What are actual fish besides oscar, gourami, and bala?


----------



## zero (Mar 27, 2012)

tank is 5 foot by 2 foot by 3 foot.
it has been set up for ages before we brought it off a friend, weve personally had it set up for around 3 months.
water change: once a week, take a third of the water out. new water is treated and warm.
the parameters will be posted tomorrow.
fish: 
2x yellow gourami 6cm
1 x pearl gourami 6cm
1 x albino pleco 3cm
1x sailfin pleco 16cm
1 x bala shark 10cm
3x jack dempsey 3cm, 6cm, 9cm
2x Livingstoni 7cm
1x Malawi Golden 5cm
1x White lab 5cm
1x Fire mouth 6cm
1x orange blossom fuelleborni 4cm
1x Jewel 2cm 
1x tiger oscar 4cm


----------



## susankat (Nov 15, 2008)

Quite the mixture, tropicals and cichlids are a disaster in the making. Plus not taking into consideration of what that tank will be like once the fish are full grown.
It will definately be overstocked once they start growing then the aggression is going to rise to levels that there will be maybe 1 or 2 fish left in the tank.


----------



## navigator black (Jan 3, 2012)

I'm a pessimist. A serious pessimist.
Sadly, here is my take on the tank, which is overcrowded.
2x yellow gourami 6cm - Oscar food
1 x pearl gourami 6cm - oscar food
1 x albino pleco 3cm
1x sailfin pleco 16cm
1 x bala shark 10cm - still a baby
3x jack dempsey 3cm, 6cm, 9cm - in a growth race with the oscar - the winners kill the losers.
2x Livingstoni 7cm - East African cichlids are better fighters and more aggressive than South American cichlids - the calm will last as long as they are little like they are now.
1x Malawi Golden 5cm - could be many things, all aggressive.
1x White lab 5cm - a gentle sort, not lucky in there.
1x Fire mouth 6cm - Oscar, dempsey, or livingstoni chew toy.
1x orange blossom fuelleborni 4cm - another East African - tough guy
1x Jewel 2cm - A West African for the cage fight...
1x tiger oscar 4cm - potentially the largest, if it survives. It is a predatory fish, but it isn't especially aggressive. At 4 cm, it is just a few months old.

From the fish sizes, it seems a new set-up. There are a lot of tiny preteen versions of prison yard thugs. I hate to say it, but as they grow up, remove the bodies quickly or you will have pollution problems.


----------



## zero (Mar 27, 2012)

navigator black said:


> I'm a pessimist.
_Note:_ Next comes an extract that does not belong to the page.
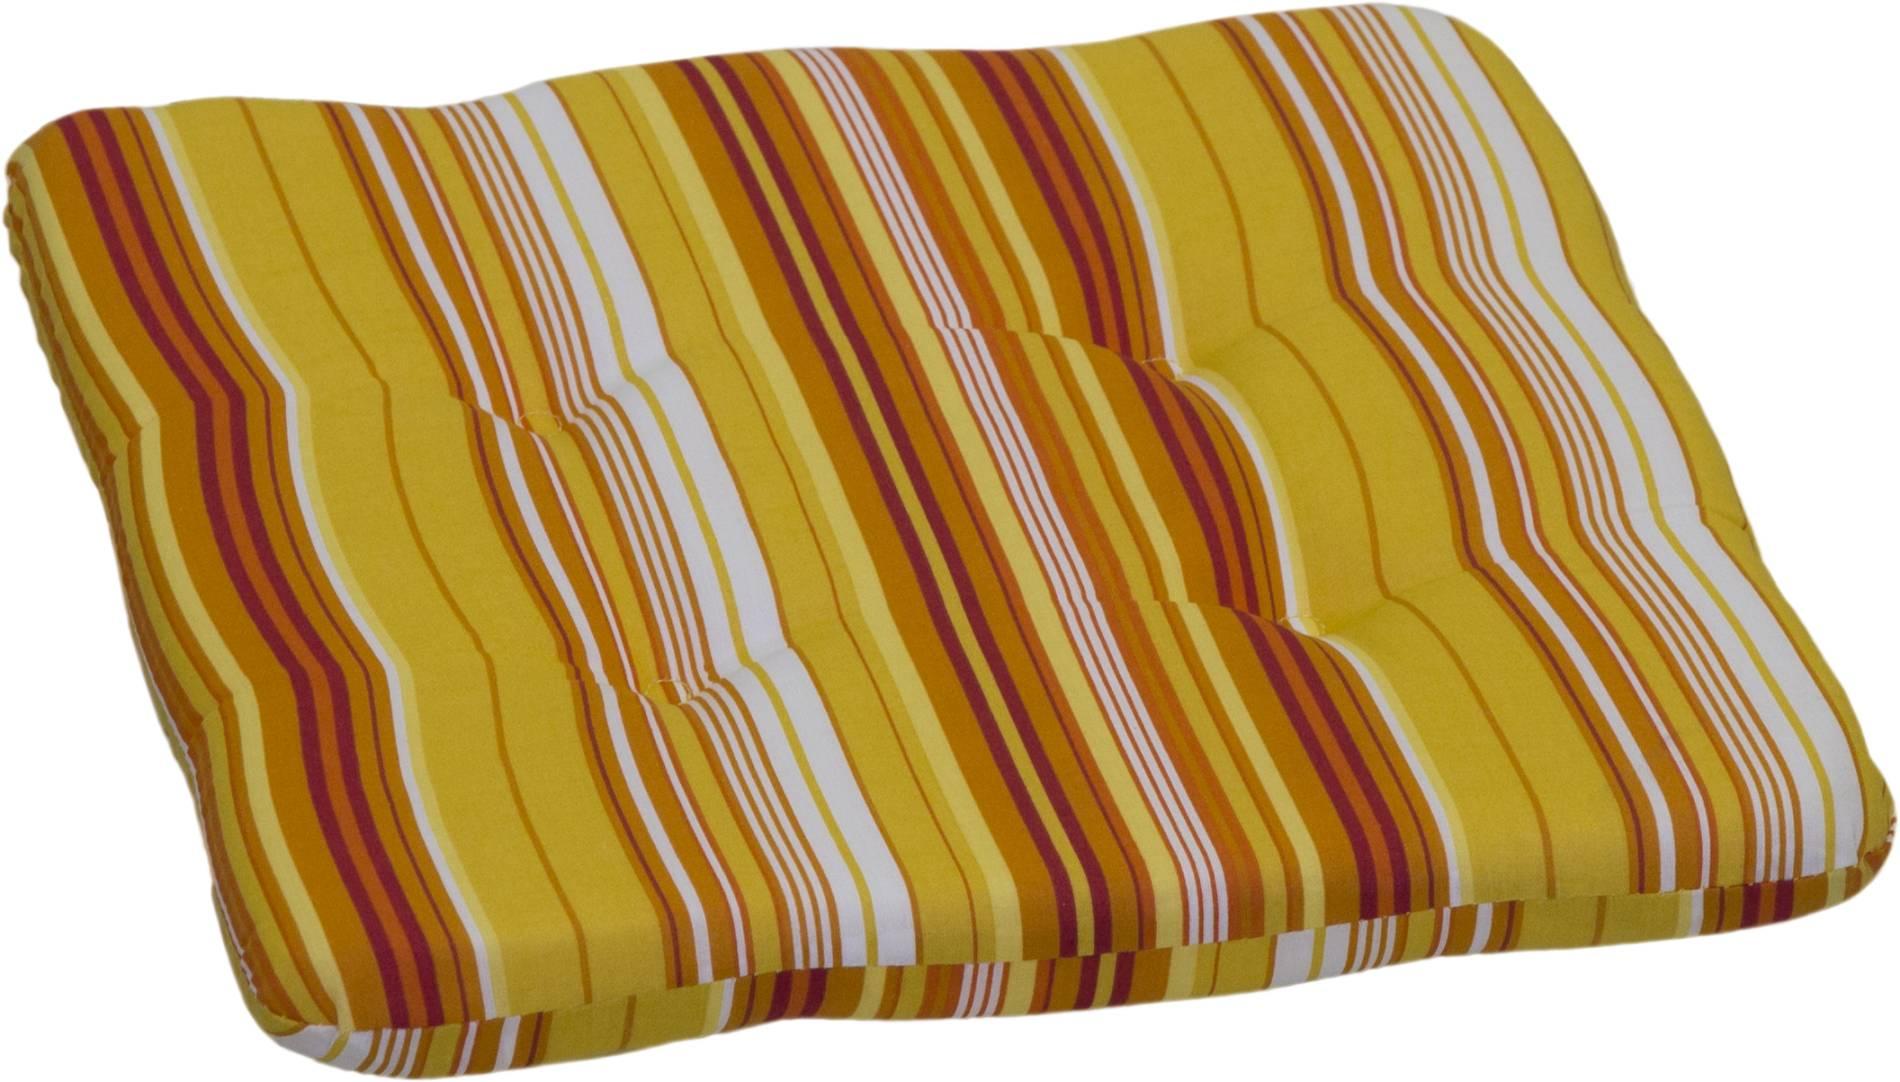 Orange gestreifte Sitzkissen Stuhlkissen ca. 36x36 cm
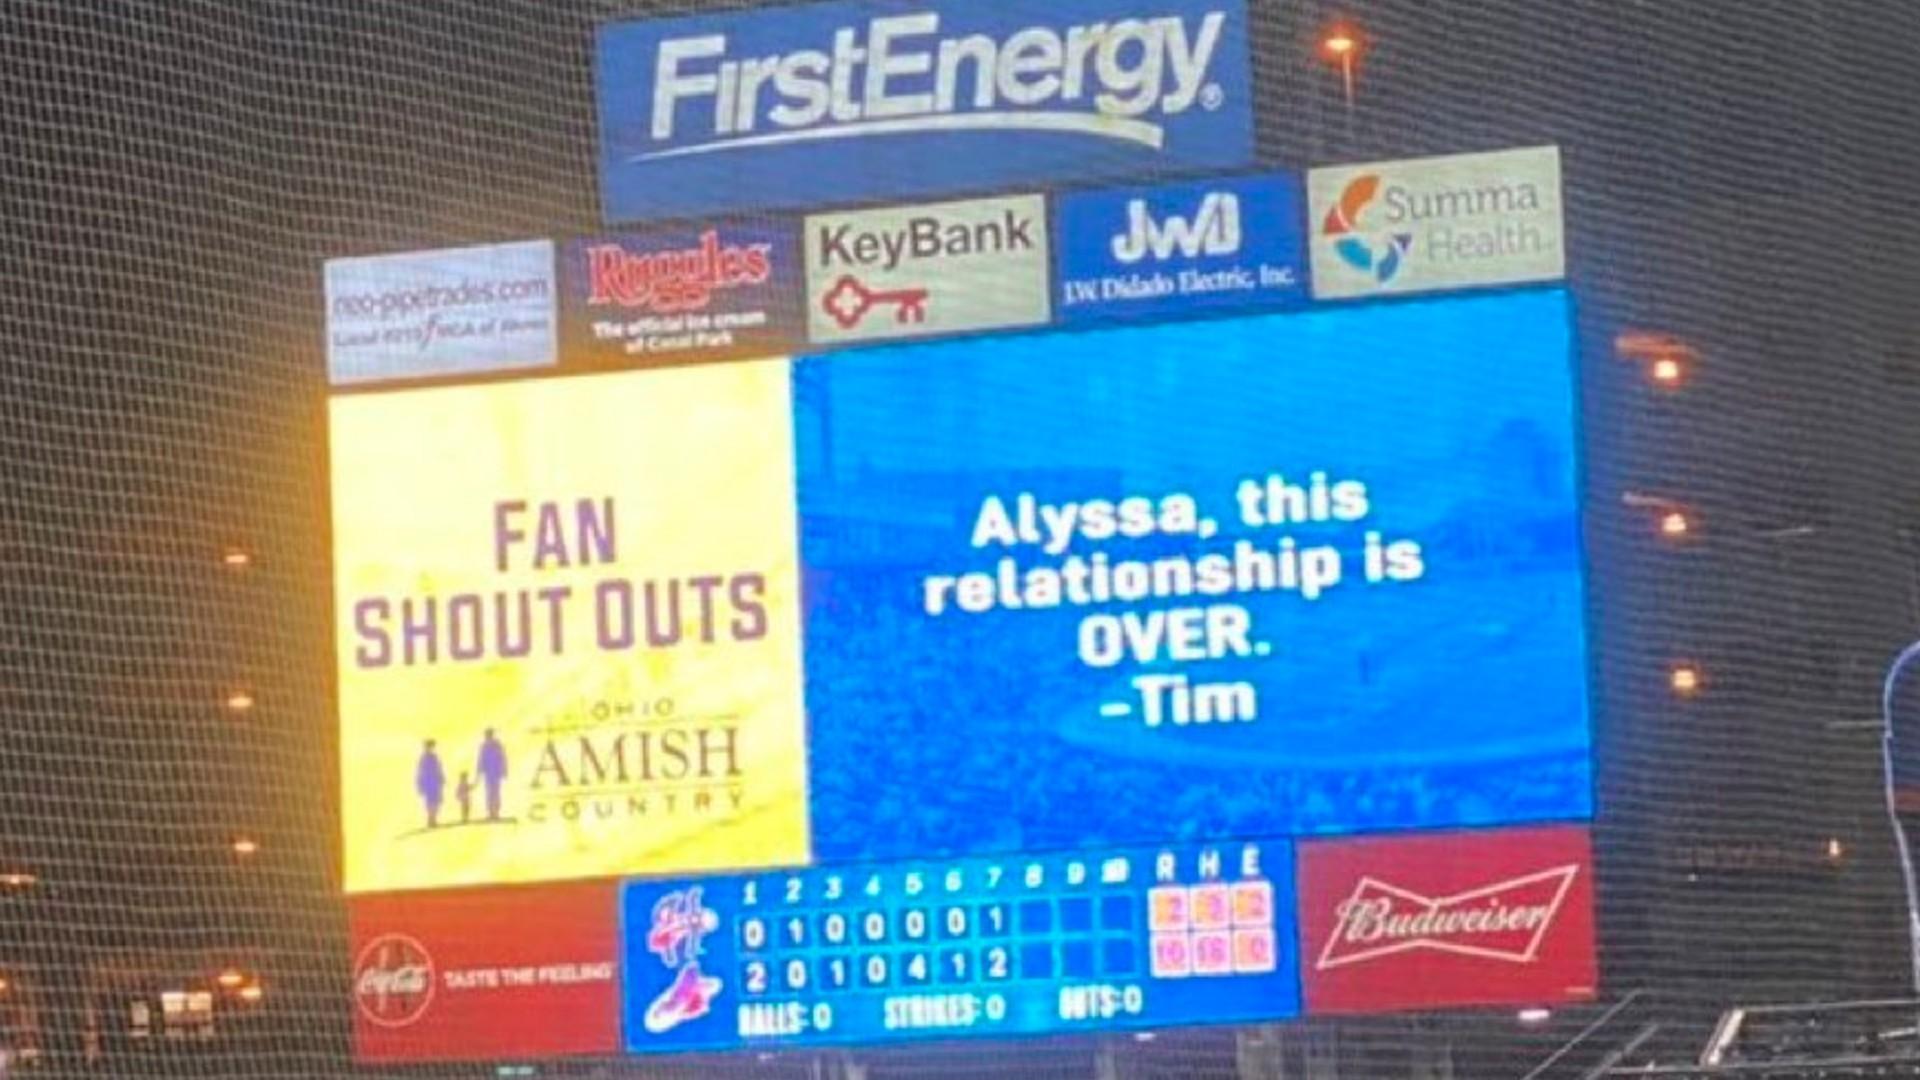 Man breaks up with girlfriend via Jumbotron: 'Alyssa, this relationship is OVER'

A serious pessimist.
> Sadly, here is my take on the tank, which is overcrowded.
> 2x yellow gourami 6cm - Oscar food
> 1 x pearl gourami 6cm - oscar food
> ...


thank you so much for your advice...i knew nothing of fish when the tank was set up and i guess my bf thought they'd all live happily like the pirahana!!! after getting the fish and starting to do reasurch i did say we'd need upgrade to a 8foot tank when they get bigger but if there all going to kill each other......whats the best thing to do?????

the golden milawi is black and white stripe's going down the fish from nose to tail, the underside is bright yellow and the tail is black and white spots.


----------



## zero (Mar 27, 2012)

The white lab has just died.....all the fish (apart from the plecos and shark) are going to be given/sold back to the fish shops as its not fair on the fish if there going to kill each other. I'm really upset  . Anyway, what combo of fish would you recommend? We'd like bright fish like the milawis.


----------



## snail (Aug 6, 2010)

You are not alone in getting off to a bad start but it shows you care about your fish that you are willing to make changes. You have a large tank so you have a lot of options. Most of the fish you have, if not all of them, are suitable for your tank, just not all at the same time, you have too much going on. I would decide which your favorite fish is and work out which of the fish you have might work with it, then rehome the rest. If you like Malawi cichlids you could have a nice malawi tank. Or perhaps you'd rather just start over with a peaceful community tank.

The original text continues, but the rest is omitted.